In this scenario, a networking issue is preventing ETCD processes in each control plane VM from communicating to each other.

As a result, ETCD cannot maintain a healthy quorum and returns errors that it cannot talk to its quorum peers.

Resolution

The following steps are written on how to confirm that the ETCD issue is caused by the control plane nodes in the workload cluster being unable to communicate over ETCD port 2379.

Connect into the Supervisor cluster context
Note down the IPs of all control plane nodes for the affected workload cluster:
```
kubectl get vm -o wide -n <workload cluster namespace>
```
If the workload cluster is expected to have 3 control plane VMs, but there is only one, that is a separate issue than this KB.
SSH into each of the workload cluster's control plane VMs
Check on the status of the etcd container process on each control plane VM:
```
crictl ps --name etcd
```
If ETCD container process is not running, that is a separate issue than this KB article.

Confirm that the ETCD logs show errors that it cannot communicate to the other control plane VM IPs:

crictl logs <etcd container ID>

{"level":"warn","ts":"YYYY-MM-DDTHH:MM:SS.sssssZ","caller":"rafthttp/peer_status.go:66","msg":"peer became inactive (message send to peer failed)","peer-id":"<etcd peer ID>","error":"failed to dial <etcd peer ID> on stream Message (dial tcp <control plane IP>:2380: i/o timeout)"}
{"level":"info","ts":"YYYY-MM-DDTHH:MM:SS.sssssZ","caller":"rafthttp/peer_status.go:53","msg":"peer became active","peer-id":"<etcd peer ID>"}

{"level":"warn","ts":"YYYY-MM-DDTHH:MM:SS.65021Z","caller":"rafthttp/probing_status.go:68","msg":"prober detected unhealthy status","round-tripper-name":"ROUND_TRIPPER_RAFT_MESSAGE","remote-peer-id":"<etcd peer ID>","rtt":"0s","error":"dial tcp <control plane IP>:2380: i/o timeout"

Perform checks that all control plane VMs can connect to its own running ETCD over port 2379. Ping is disabled by default in this product's VMs.
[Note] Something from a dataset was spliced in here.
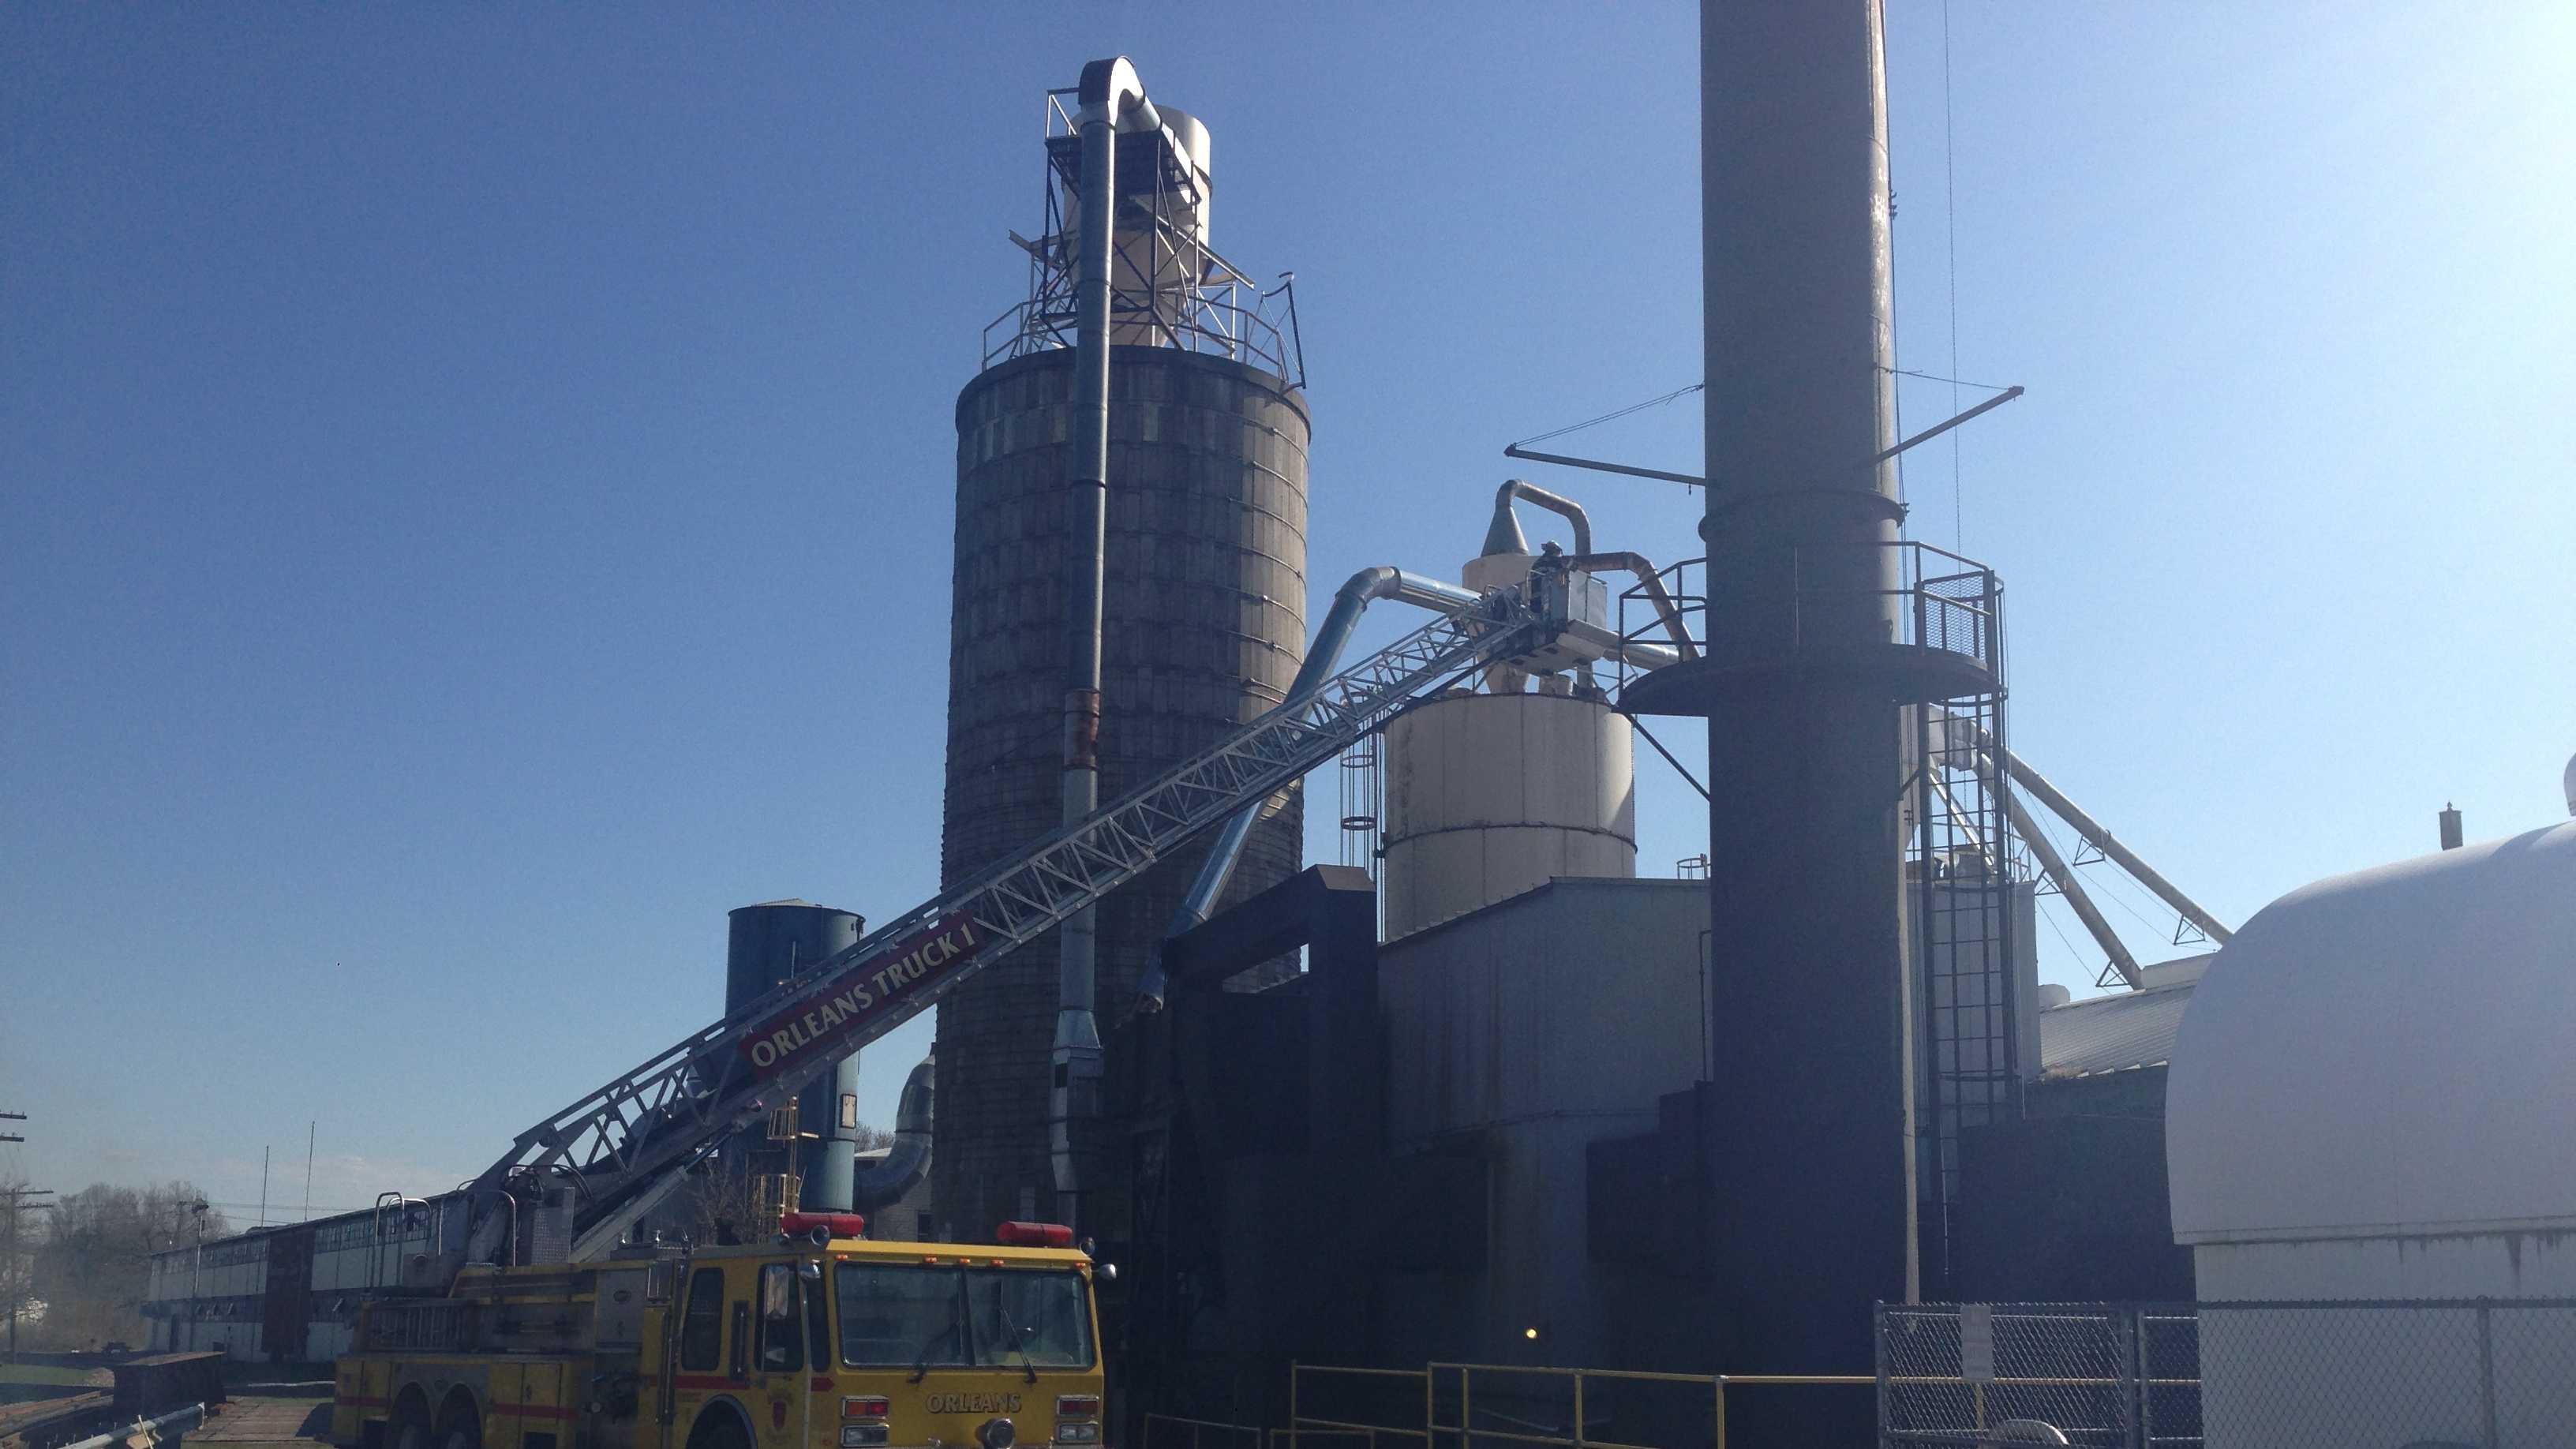 05-01-13 Fire erupts at Vt. furniture maker's sawdust silos - img

curl -vk <this control plane's IP>:2379

*   Trying <this control plane's IP>:2379...
* Connected to <this control plane's IP> (<this control plane's IP>) port 2379 (#0)
> GET / HTTP/1.1
> Host: <this control plane's IP>:2379
> User-Agent: curl/#.#.#
> Accept: */*
>
* Empty reply from server
* Closing connection 0
curl: (52) Empty reply from server

Check that all control plane VMs cannot communicate to other control plane VMs over ETCD port 2379 and times out:
```
curl -vk <different control plane IP>:2379

*   Trying <different control plane IP>:2379...
```
With the above checks we have confirmed on the following:
1. ETCD is running on each control plane VM and not crashing.
2. ETCD logs state that it is unable to communicate to other control plane VMs.
3. Each control plane VM receives a Connected response from its own ETCD process, indicating ETCD is working .
4. However, control plane VMs cannot communicate to other control plane VMs over ETCD port 2379, despite ETCD in Running state on all control plane VMs.
Work with your networking team to find the cause of why the cluster's control plane VMs can't communicate to each other over their eth0 interface for ETCD port 2379.
- This may be caused by blocked ETCD ports of 2380 and 2379.
  - See the Ports and Protocols github for vSphere Supervisor
- For NSX-T environments, there is a known issue where a NSX upgrade from 4.1 to 4.2 results in a similar scenario.
  - See the following KB article for details: IP address subnets missing from an antrea NSGroup after an upgrade from 4.1.x to 4.2.x
Once the networking communication is successful between control plane VMs, ETCD will recover and the cluster will stabilize automatically, provided that there are no further environmental issues.